Metadata-Version: 2.4
Name: vocalysis
Version: 0.2.1
Summary: A Python package for voice analysis using Praat and Parselmouth.
Home-page: https://github.com/Stolarski-Lukasz/vocalysis
Author: Łukasz Stolarski
License: GPL-3.0-or-later
Classifier: License :: OSI Approved :: GNU General Public License v3 or later (GPLv3+)
Classifier: Programming Language :: Python :: 3
Classifier: Programming Language :: Python :: 3.7
Requires-Python: >=3.7
Description-Content-Type: text/markdown
License-File: LICENSE
Requires-Dist: praat-parselmouth>=0.4.4
Requires-Dist: numpy>=1.26.0
Dynamic: author
Dynamic: classifier
Dynamic: description
Dynamic: description-content-type
Dynamic: home-page
Dynamic: license
Dynamic: license-file
Dynamic: requires-dist
Dynamic: requires-python
Dynamic: summary

# Vocalysis

**Vocalysis** is a Python package that provides a simple interface for extracting a range of acoustic voice measures using [Praat](https://www.fon.hum.uva.nl/praat/) via the [Parselmouth](https://parselmouth.readthedocs.io/en/stable/) library.

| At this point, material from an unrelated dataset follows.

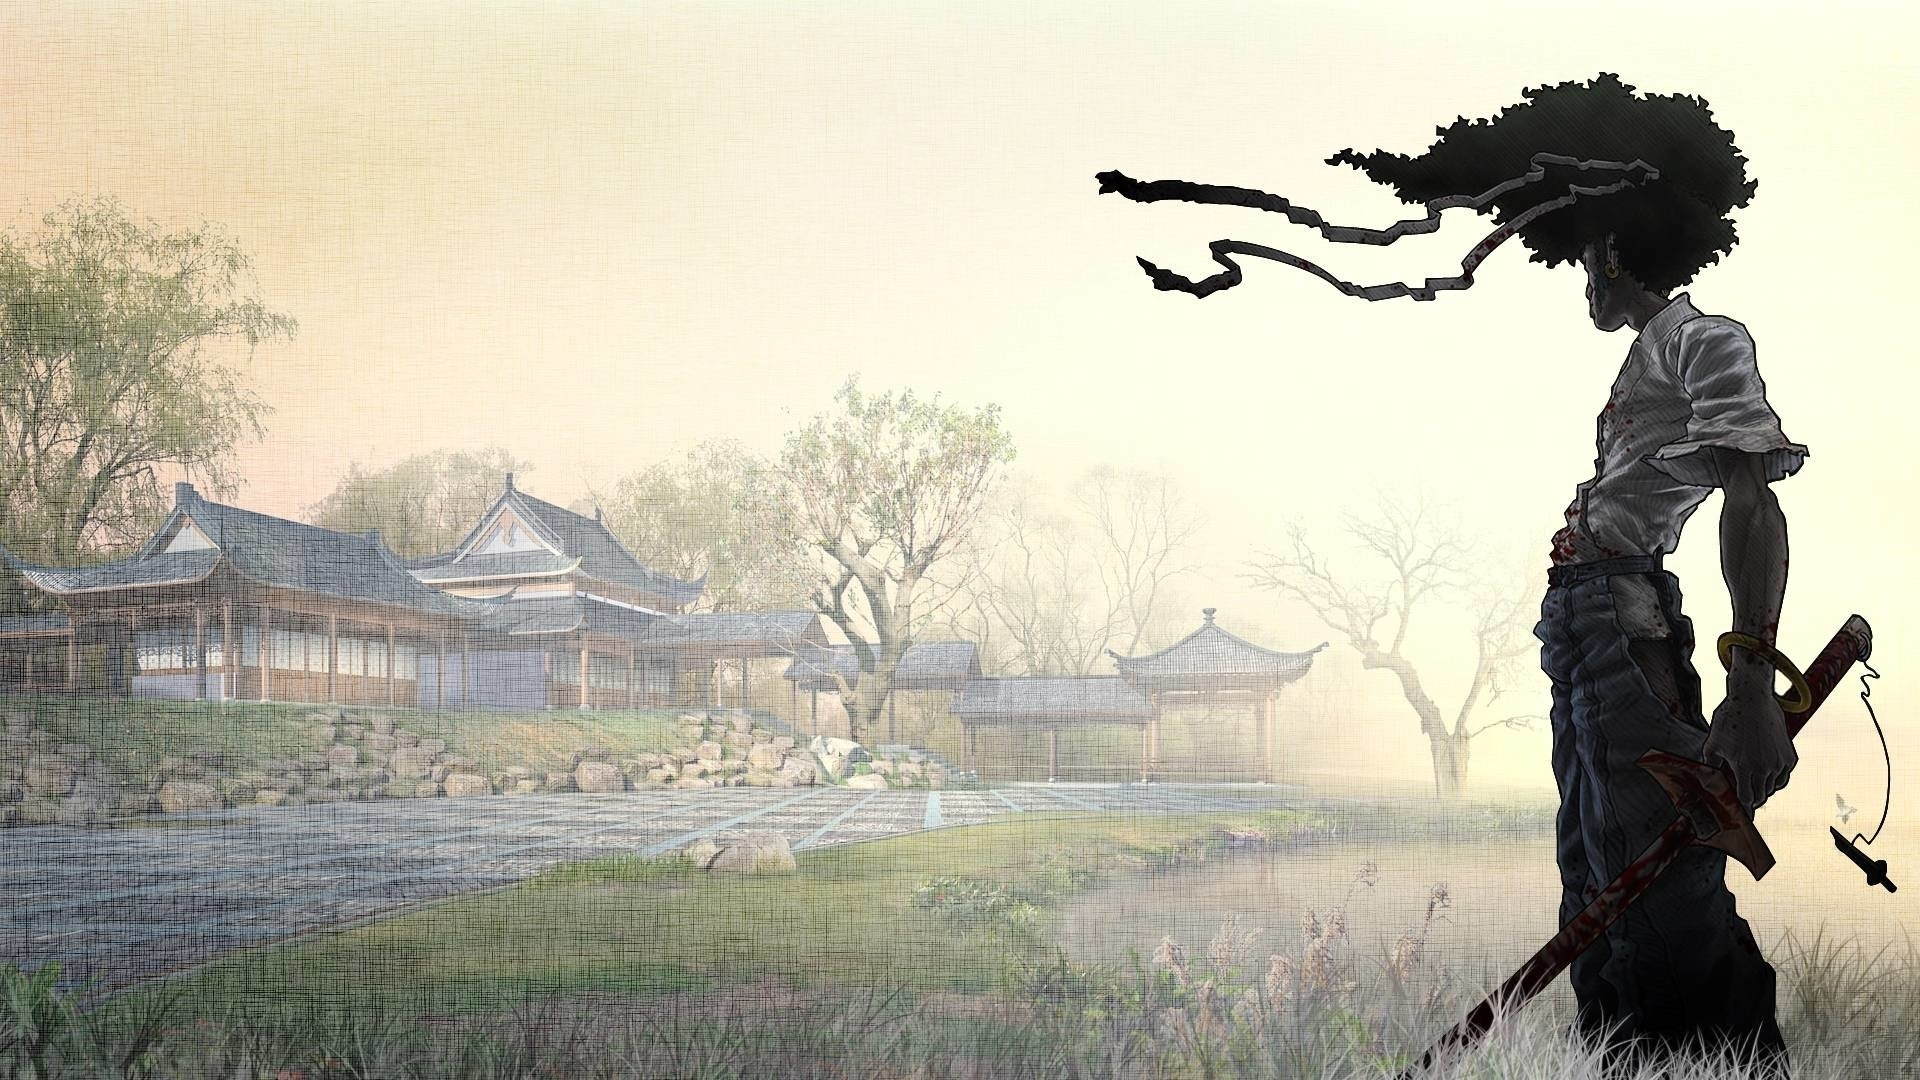 afro samurai full hd fond d'écran and arrière-plan | 1920x1080 | id

Below is a list of all available functions, along with brief descriptions and usage examples.

&nbsp;
## `measure_pitch()`

Computes basic pitch statistics (in Hz) from an audio file (WAV or another format supported by Praat) or a precomputed Parselmouth object.

### Arguments:
- `audio_path` (`str`, optional):  
  Path to an audio file supported by Parselmouth (e.g., WAV).  
  **Recommended default usage.** Most users should provide only this argument.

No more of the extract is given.